Airbus Rencanakan Upgrade Mesin Untuk Varian A320

Airbus A320. Sumber: Runway Girl

Raksasa manufaktur pesawat, Airbus diketahui sangat ingin meningkatkan produksi pesawat keluarga A320, tetapi pertama-tama, diperlukan komitmen dari para produsen mesin untuk meningkatkan volume dari mesin terkait. Pihak Airbus menginginkan performa mesin yang lebih andal ketimbang model-model sebelumnya, dengan harapan, bisa mengantarkan keluarga A320 terbang lebih jauh dan lebih irit.

Baca Juga: Airbus A320-214 PK-GQR: Sensasi Free WiFi Perdana di Armada Citilink

“Kami sedang mempersiapkan keputusan untuk ‘naik ke tingkat’ yang lebih tinggi,” tutur head of commercial aircraft dari Airbus, Guillaume Faury, dikutip KabarPenumpang.com dari laman flightglobal.com (17/1/2019).

“Para produsen mesin sejauh ini menolak untuk berkomitmen untuk meningkatkan volume mesin.
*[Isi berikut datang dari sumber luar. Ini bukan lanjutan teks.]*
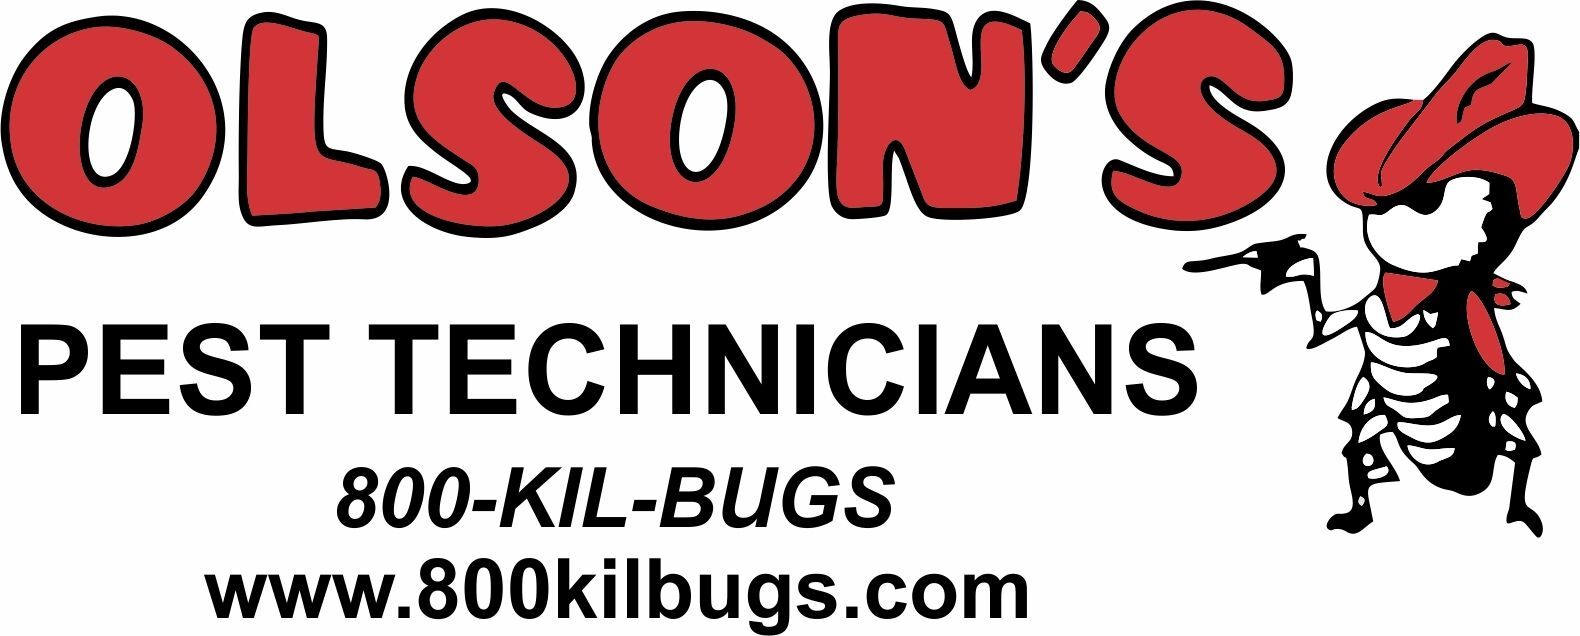 Olson's Pest Technician

Dan kami paham bahwa ini merupakan diskusi yang akan berlangsung sepanjang tahun ini,” tandasnya.

Pada tahun 2018 kemarin, pihak Airbus telah mengirimkan sekira 626 pesawat keluarga A320 kepada seluruh pelanggannya, atau dengan rataan 52 pesawat per-bulannya. Kendati telah mengirimkan jumlah pesawat yang bisa dibilang tidak sedikit tersebut, namun pihak Airbus mengaku mengalami sejumlah hambatan, salah satu yang paling vokal adalah masalah rantai pasokan mesin dari produsen CFM International dan Pratt & Whitney.

Pihak Airbus sendiri berharap dapat meningkatkan pengiriman pesawat menjadi 60 unit per-bulannya pada pertengahan tahun 2019 ini. Dengan peningkatan pengiriman tersebut, akan berimplikasi pada peningkatan pendapatan perusahaan.
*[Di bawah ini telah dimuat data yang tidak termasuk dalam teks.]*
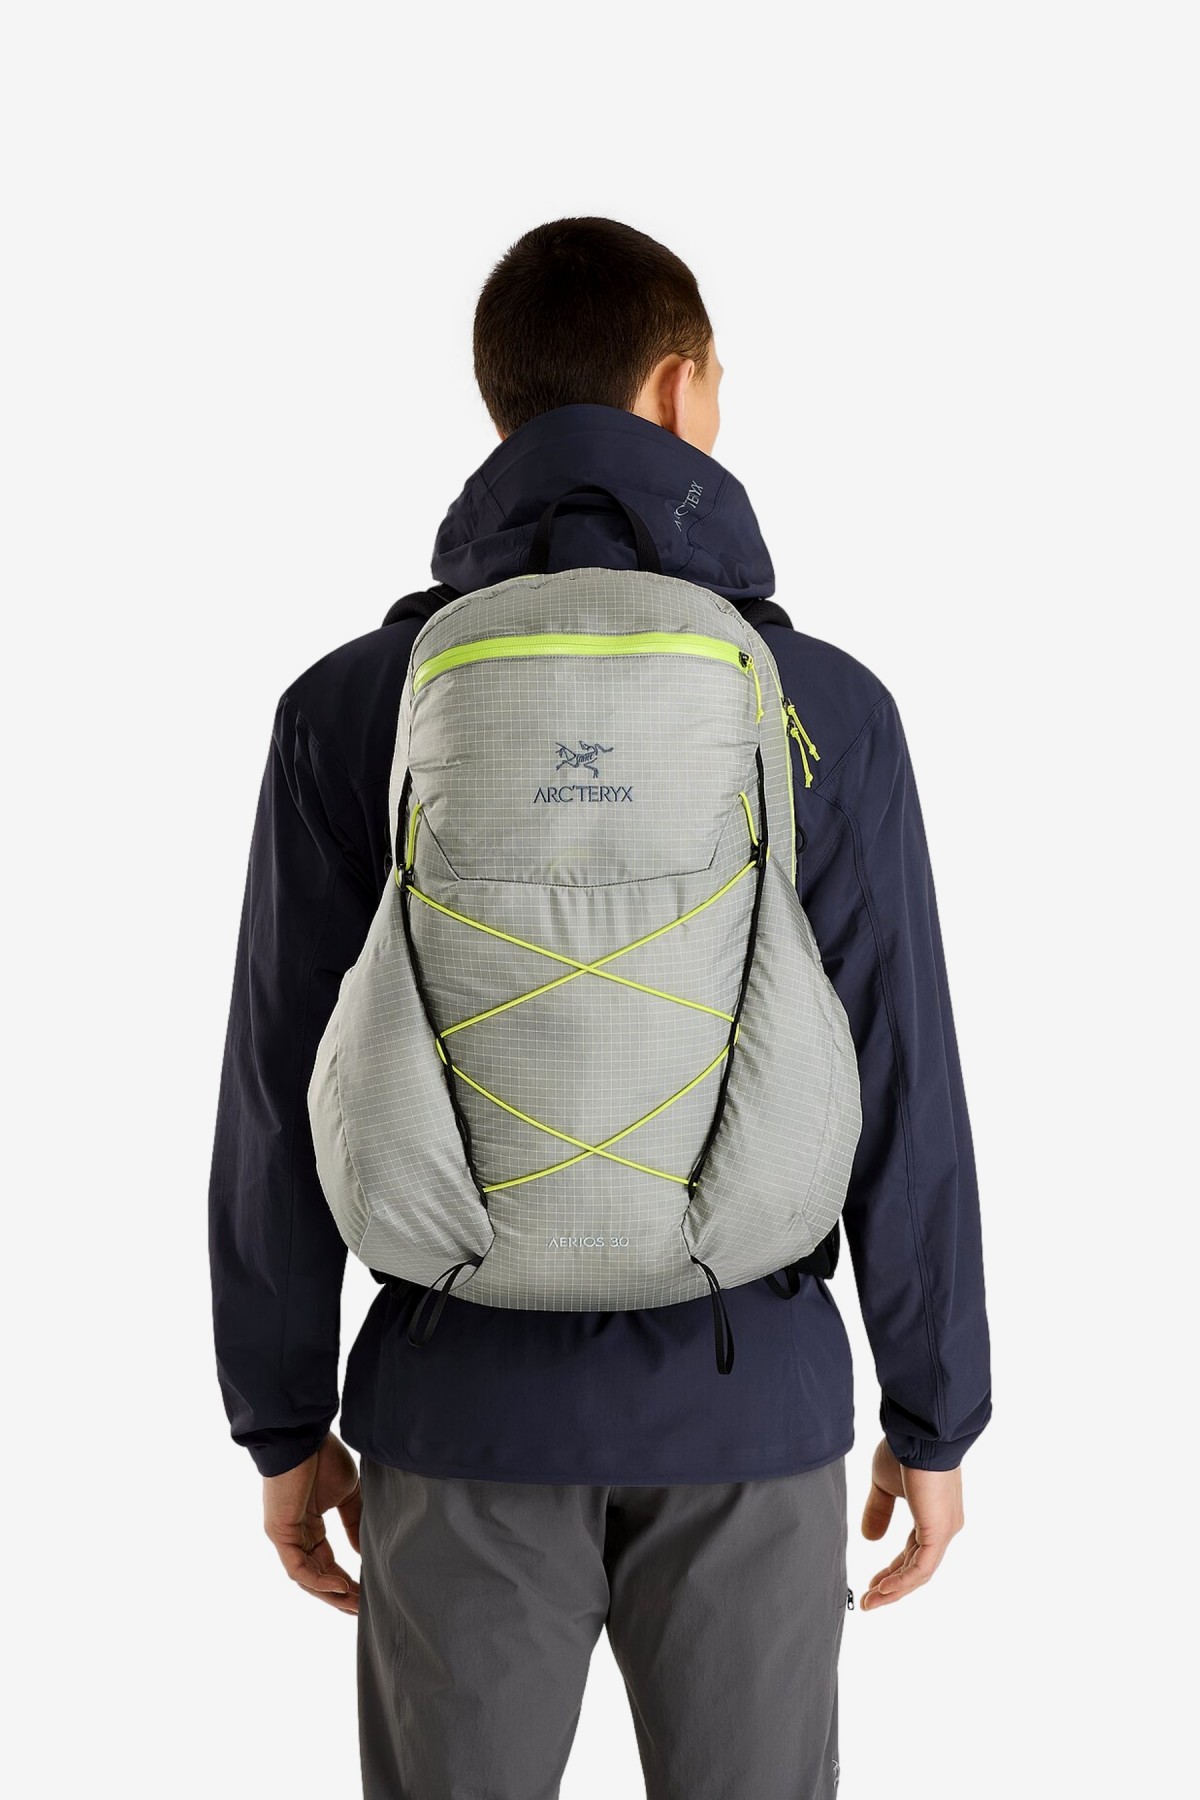 Arc'teryx Aerios 30 Backpack in Pixel/Sprint

“Kami pernah menyinggung soal pengiriman 70 unit pesawat per-bulan pada tahun lalu, dan itu tidak berjalan sempurna. Maka dari itu, angka tersebut akan diturunkan menjadi 60 unit,” lanjut Guillaume Faury.

“Akan ada langkah perantara,” imbuhnya singkat.

Pembicaraan tentang produksi yang lebih tinggi ini datang di tengah pelambatan pesanan untuk keluarga A320 varian terbaru. Pada tahun 2018, pihak Airbus telah ‘mendaratkan’ penjualan sebanyak 541 armada keluarga A320. Angka tersebut turun dari 1.054 pada tahun 2017 dan menyamakan dengan rasio book-to-bill kurang dari satu.

Baca Juga: JetBlue Upgrade Desain Kabin Airbus A320, Tapi Penumpang Justru Merana

Tetapi Guillaume Faury tidak terlalu menandang relevansi rasio book-to-bill sebagai hal yang patut mendapatkan konsentrasi penuh, dimana ia beranggapan bahwa hal tersebut dapat mengindikasikan kesehatan bisnis di masa depan. Guillaume Faury mengatakan bahwa Airbus akan berfokus pada pemenuhan perintaan hari ini, dan hal tersebut akan menjadi prioritas utama Airbus.

“Kami tidak benar-benar melihat penurunan. Yang kami lihat adalah pengurangan kecepatan pertumbuhan,” tutur Guillaume Faury.